Aside from screen use, however, it’s also possible for the eyes to get tired from any prolonged visual task (like reading a book or driving), playing video games that require you to move your eyes back-and-forth quickly, and straining to see something in dim lighting, says Mistry. “Concentrating your focus on something like small text or print or simply overusing your eyes without resting them can also lead to tired eyes,” she adds.

You’re also more at risk for eye fatigue from the get-go if you’re sleep-deprived (and therefore not physically closing the eyes for long enough each night), have dry eyes, or have uncorrected vision, which can cause you to strain the eye muscles in order to see or read, according to Dr. Wachler.

What can you do to prevent tired eyes?

If you know you’ll be doing visually taxing work or looking closely at a screen for several hours, Dr. Wachler recommends practicing the 20/20 rule, which involves closing your eyes for 20 seconds every 20 minutes in order to rest and naturally re-lubricate them. It may also be helpful to maintain good posture and avoid leaning toward your screen, as focusing too closely can set off eyestrain in the first place.

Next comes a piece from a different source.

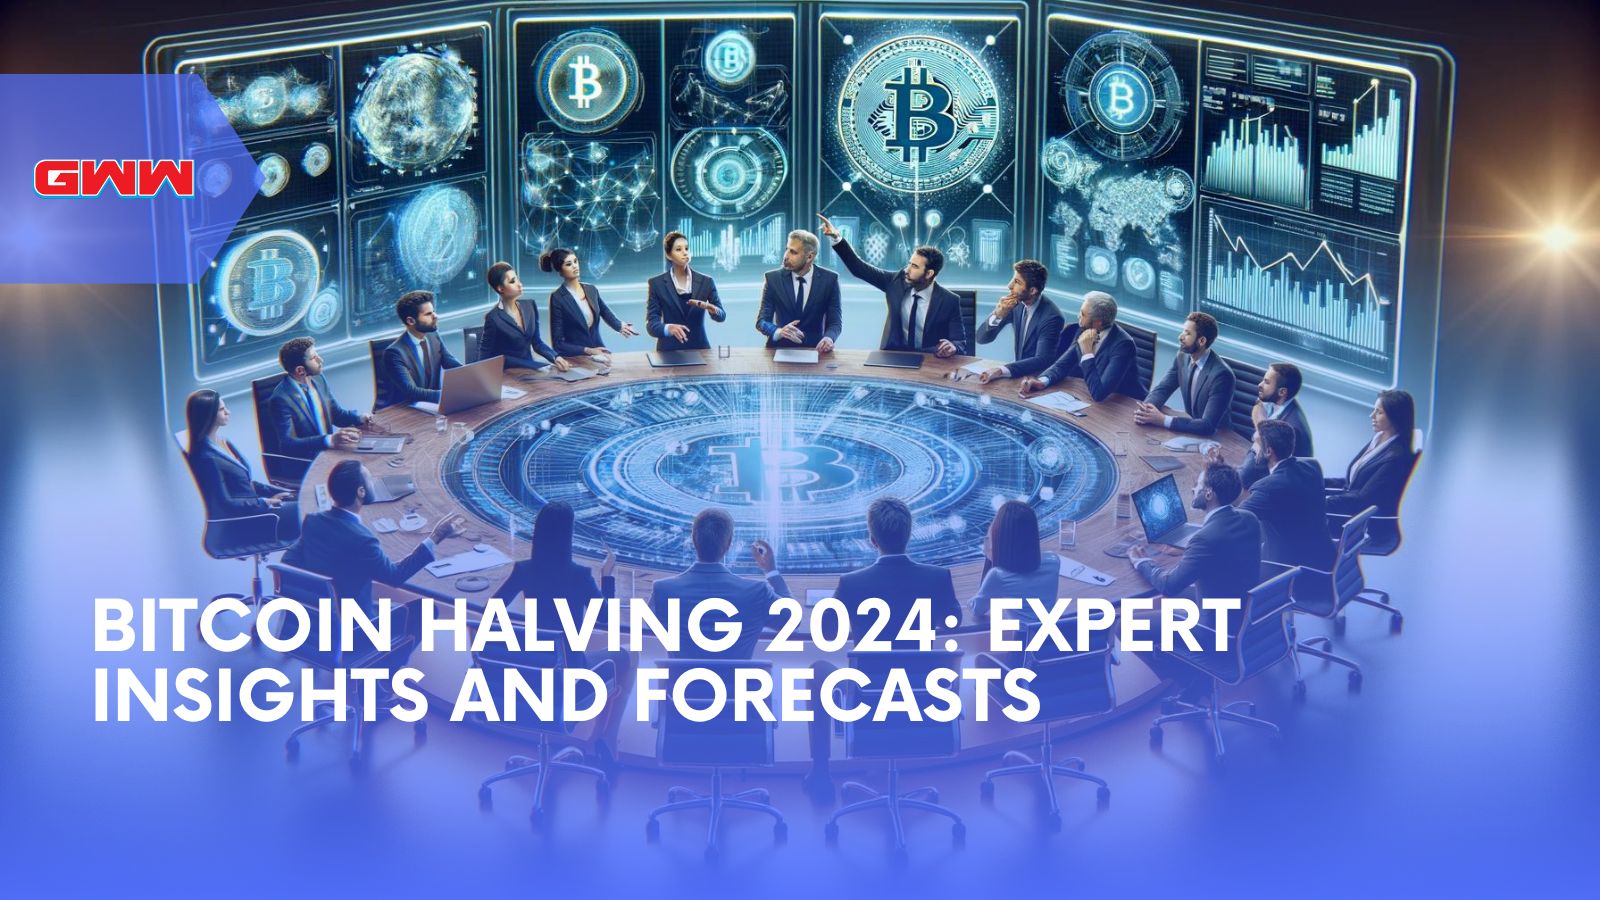 Bitcoin Halving 2024: Expert Insights and Forecasts

It’s also important to wear your glasses or contacts, if you’re near- or farsighted, and to use prescription reading glasses if you need them, adds Dr. Wachler. This way, you’re less likely to find yourself straining to see or read in a way that can tire the eyes more quickly.

How is eyestrain treated?

In most cases, eyestrain will dissipate on its own once you identify the activity that’s triggering it—close reading, screen use, or the like—and give yourself a brief break from that activity. “Ensure that the room is light enough to read comfortably, close your eyes for a few seconds, and give yourself a light massage to help relax the eyes,” says Mistry.

If dryness is your primary eyestrain symptom, or having dry eyes is contributing to your eyestrain, you can also use artificial tears (which can be purchased over-the-counter) or take oral flax oil capsules, which Dr. Wachler says are “systemically absorbed, helping nourish mucous membranes [which contribute to eye wetness].”

While discomfort is the most common health risk of frequently tired eyes, if you already have advanced dry eyes, regularly exhausting the eyes can lead to complications such as corneal abrasions and infections, says Dr. Wachler: “If the tear film poorly covers the cornea (as can be the case with tired eyes), it can cause breakdown of the epithelium, or the cornea’s top layer, allowing it to tear or for bacteria to gain access.” Both scenarios are rare, but should either happen, you would need to seek medical treatment from an ophthalmologist.

In most cases, however, tired eyes are nothing more than a temporary nuisance that you can resolve with an eye break.